Ну, а за Альфонсо, вышли и три его младших брата — близнеца, о которых можно сказать, что они, так же, как и Альфонсо, все облачены были в темные одеяния, а цвет их лиц был столь бледен, что казалось, никогда они не видели солнечного света. Звали этих близнецов: Вэллиат, Вэлломир и Вэллос.
Вспомним, как когда то различала их покойная матушка: у Вэллиата было родимое пятно на шее, у Вэлломира были более широкие, чем у иных, орлиные ноздри, а у Вэллоса — чуть приподняты уголки губ, словно бы он все время улыбался. Так вот: теперь Вэллиат стал самым бледным среди своих братьев, казалось, что из этой болезненной кожи все время должна была выступать лихорадочная испарина, он часто начинал шепотом сам с собою разговаривать. Вэлломир был молчалив, шел с гордым, надменным видом, и каждым движеньем, каждым редкостным выставлял себя так, будто он здесь некто величайший, а все они — его подчиненные, а то и рабы. Что касается Вэллоса, то он действительно был весел, однако же — эта была какая-то болезненная, надрывная веселость, так порою он начинал говорить, что-нибудь, ему кажущееся смешным, и, видя, что окружающим это неприятно, уже не мог остановится, и ему то самому было уже больно, а, все-таки, хоть бы и назло даже, а вот уже не мог остановится — зло то его разбирало, а вот ему интересно было, чем все это закончится.
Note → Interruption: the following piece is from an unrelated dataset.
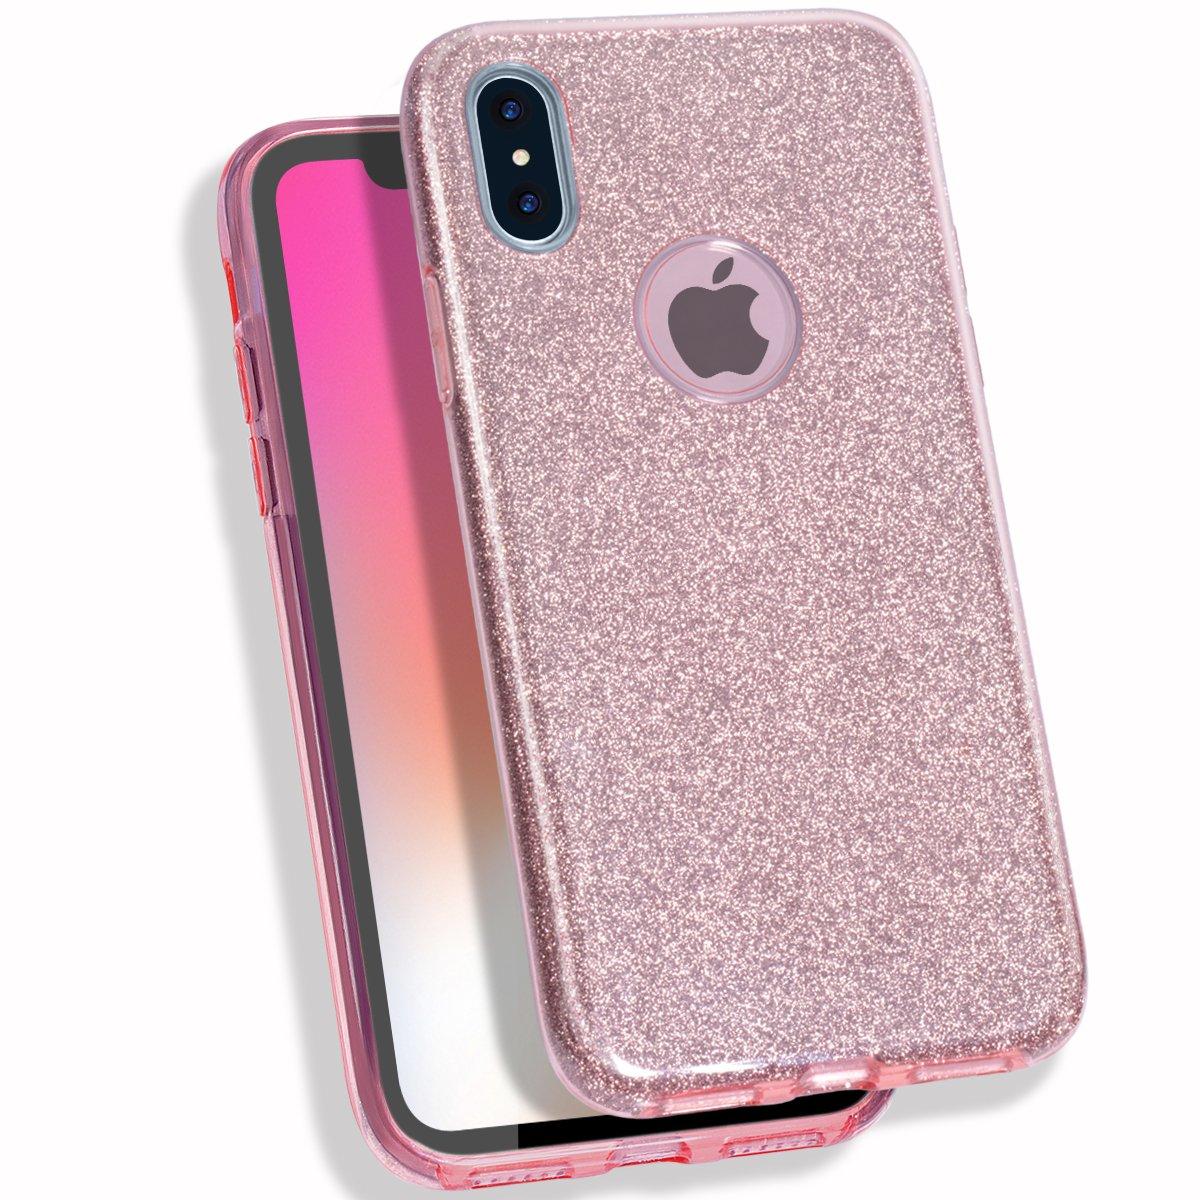 mateprox iphone xs case

Вот и теперь Вэллос этот чуть отошел от своих спутников, и вдруг, стремительной тенью бросился на чаек, успел ухватить одну из них, когда она уже взлетала — остальные чайки с пронзительными криками закружили над его головою, а он — одной рукой держа пойманную за лапу, а другой — перехватив за шею, побежал вслед за своими спутниками, которые даже не остановились. Вэлломир взглянул на него с презреньем, ухмыльнулся, и подставляя свой надменный лик ветровым ударам демонстративно отвернулся к вздымающейся, передергивающейся от ледяных судорог морской поверхности. Вэллиат с болезненной сосредоточенностью взглянул на своего брата; кажется он хотел до самой кости въестся в него взглядом, и все хотел что-то сказать, и рот его кривился, но он молчал.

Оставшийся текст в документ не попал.